The smp_rmb() calls in the reader functions are then commented and
marked with the appropriate MB0-read and MB6-read labels.

> Afaict prb_list is a list head not a list node (calling it just _list
> is confusing at best).

OK.

> You have a single linked list going from the tail to the head, while
> adding to the head and removing from the tail. And that sounds like a
> FIFO queue:

Yes, but with one important feature: the nodes in the FIFO queue are
labeled with ordered sequence numbers. This is important for printk. I
talk more about this below.

> 	struct lqueue_head {
> 		struct lqueue_node *head, *tail;
> 	};
>
> 	struct lqueue_node {
> 		struct lqueue_node *next;
> 	};
>
> 	void lqueue_push(struct lqueue_head *h, struct lqueue_node *n)
> 	{
> 		struct lqueue_node *prev;
>
> 		n->next = NULL;

Is this safe? Do all compilers understand that @next must be stored
before the xchg() of @head? I would have chosen WRITE_ONCE().

> 		/*
> 		 * xchg() implies RELEASE; and thereby ensures @n is
> 		 * complete before getting published.
> 		 */
> 		prev = xchg(&h->head, n);

Unfortunately it is not that simple because of sequence numbers. A node
must be assigned a sequence number that is +1 of the previous node. This
must be done before exchanging the head because immediately after the
xchg() on the head, another CPU could then add on to us and expects our
sequence number to already be set.

This is why I need cmpxchg() here.

> 		/*
> 		 * xchg() implies ACQUIRE; and thereby ensures @tail is
> 		 * written after @head, see lqueue_pop()'s smp_rmb().
> 		 */
> 		if (prev)
> 			WRITE_ONCE(prev->next, n);

This needs to be a store_release() so that a reader cannot read @n but
the store to @next is not yet visible. The memory barriers of the above
xchg() do not apply here because readers never read @head.

> 		else
> 			WRITE_ONCE(h->tail, n);

Ditto, but for the tail node in particular.

> 	}
>
> 	struct lqueue_node *lqueue_pop(struct lqueue_head *h)
> 	{
> 		struct lqueue_node *head, *tail, *next;
>
> 		do {
> 			tail = READ_ONCE(h->tail);
> 			/* If the list is empty, nothing to remove. */
> 			if (!tail)
> 				return NULL;
>
> 			/*
> 			 * If we see @tail, we must then also see @head.
> 			 * Pairs with the xchg() in lqueue_push(),
> 			 * ensure no false positive on the singleton
> 			 * test below.
> 			 */
> 			smp_rmb();
> 			head = READ_ONCE(h->head);
>
> 			/* If there is but one item; fail to remove. */
> 			if (head == tail)
> 				return NULL;
>
> 			next = smp_cond_load_relaxed(&tail->next, VAL);

What if a writer is adding a 2nd node to the queue and is interrupted by
an NMI directly after the xchg() in lqueue_push()? Then we have:

    * head != tail
    * tail->next == NULL

If that interrupting NMI calls lqueue_pop(), the NMI will spin
forever. The following cmpxchg() is not allowed to happen as long as
tail->next is NULL.

This is why I synchronize on @next instead, using (tail && !tail->next)
for the singleton test.

> 		} while (cmpxchg(h->tail, tail, next) != tail);
>
> 		return tail;
> 	}
>
> Now, you appear to be using desc_ids instead of pointers, but since
> you're not using the actual wrap value; I don't see the benefit of
> using those IDs over straight pointers.

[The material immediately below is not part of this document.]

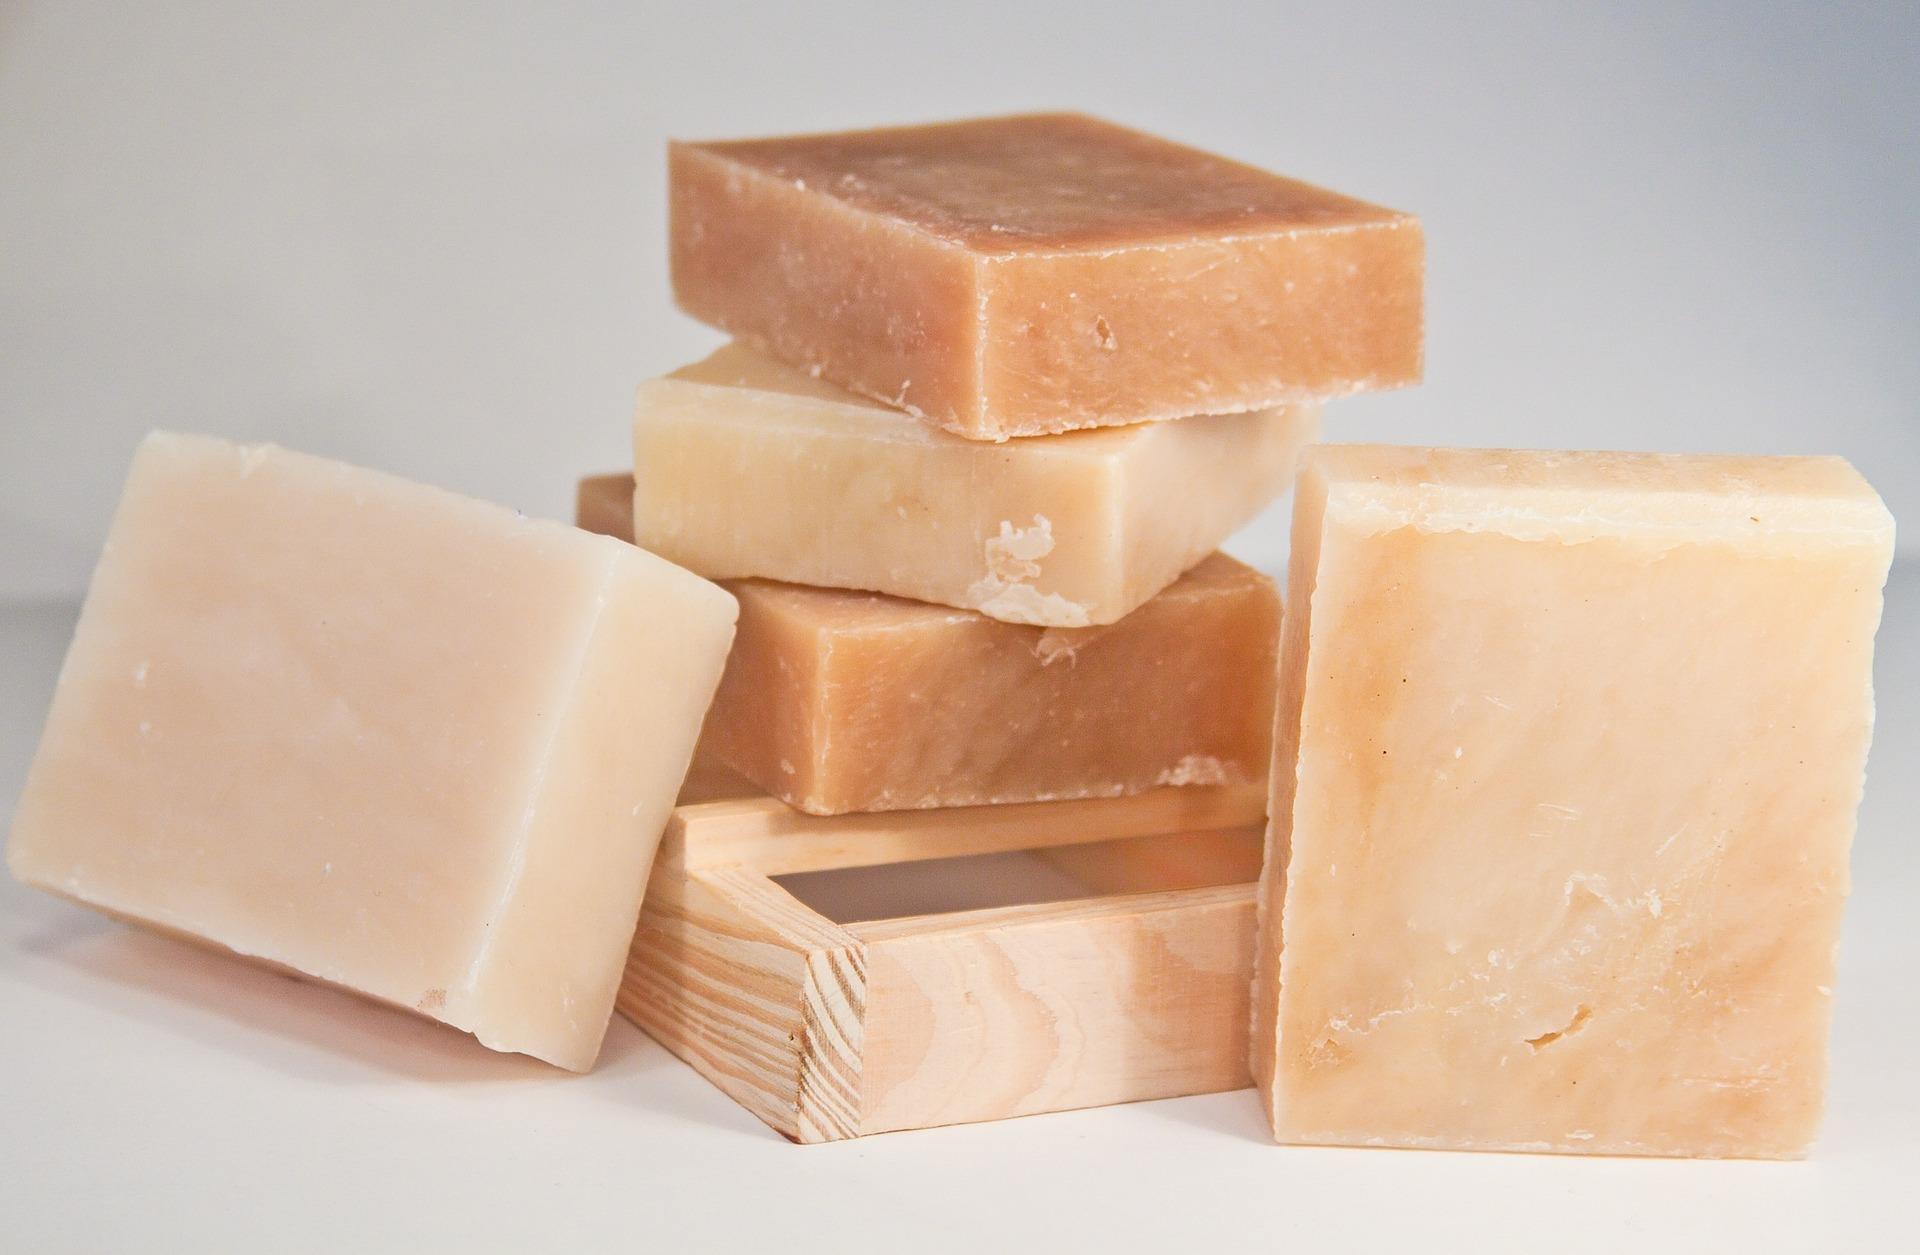 soap-1509963_1920.jpg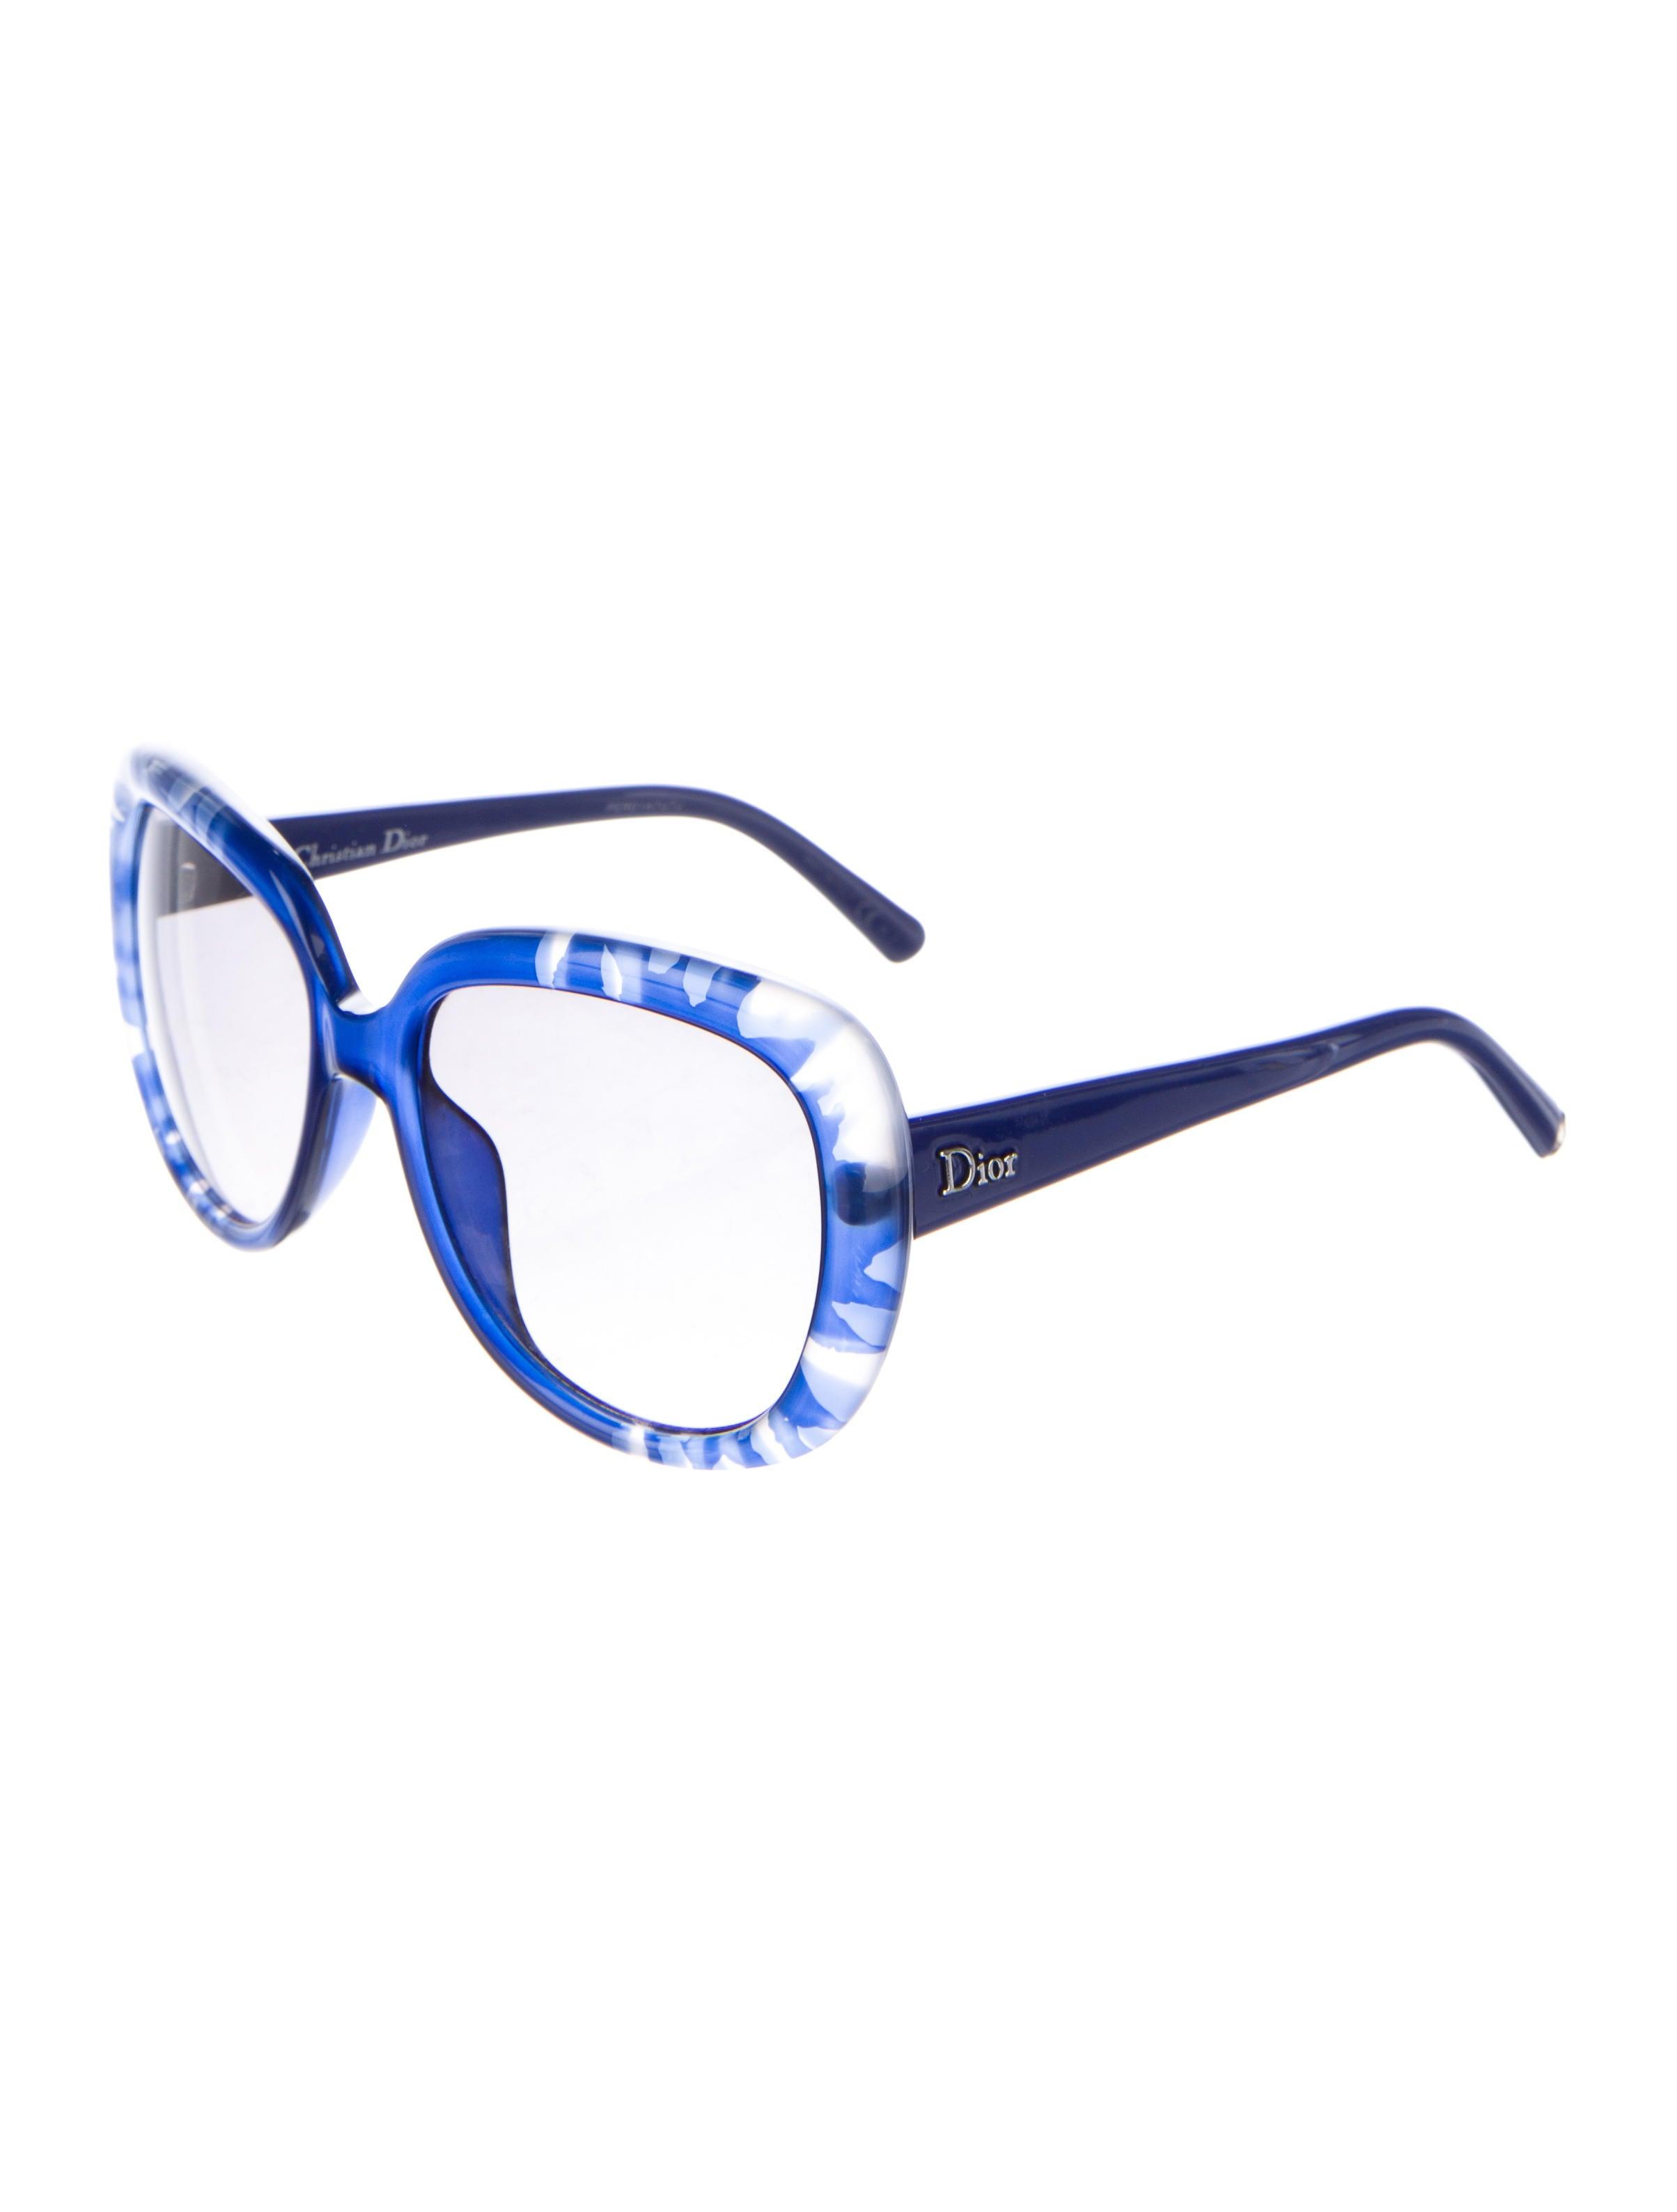 58e20ba014c Christian Dior Tie Dye Butterfly Sunglasses - Accessories - CHR45382

The documentation mentions that descriptor ids are used to identify
pointers to invalid descriptors. This is used by the readers, see
iter_peek_next_id() and prb_iter_next_valid_entry().

IDs are used for:

- @next of descriptors on the list
- @id, @id_next in the reader iterator
- @id in the data blocks

If changed to pointers, iterators would need to additionally store @seq
values to be able to identifiy if the entry they are pointing to is the
entry they expect.

The only advantage I see with pointers is that the ringbuffer could be
more useful generally, independent of whether the data is separate or
within the nodes or if the nodes are statically or dynamically
allocated. That is something worth having, even if it is not printk
related.

Are you implicitly requesting me to split the prb_ringbuffer and instead
base it on a new "lockless multi-writer multi-reader sequenced FIFO
queue" data structure?

> That is, unless I've overlooked some subtle ABA issue, but then, your
> code doesn't seem to mention that, and I think we're good because if
> we re-use an entry, it can never get back in the same location, since
> we never allow an empty list

I do not understand what you mean here. If a reader has a pointer to an
entry, the entry behind that pointer can certainly change. But that
isn't a problem. The reader will recognize that.

> (might also be fixable, haven't tought too hard on this).

:-)

> That said, the above has cmpxchg() vs WRITE_ONCE() and is therefore
> not safe on a number of our architectures. We can either not care
> about performance and use xchg() for the ->tail store, or use
> atomic_long_t and suffer ugly casting.

cmpxchg_release() vs WRITE_ONCE() is not safe?! Can you point me to
documentation about this?

> But the above is, IMO, a more useful and readable abstraction. Let me
> continue in another email (probably tomorrow).

Thank you for taking the time for this.

John Ogness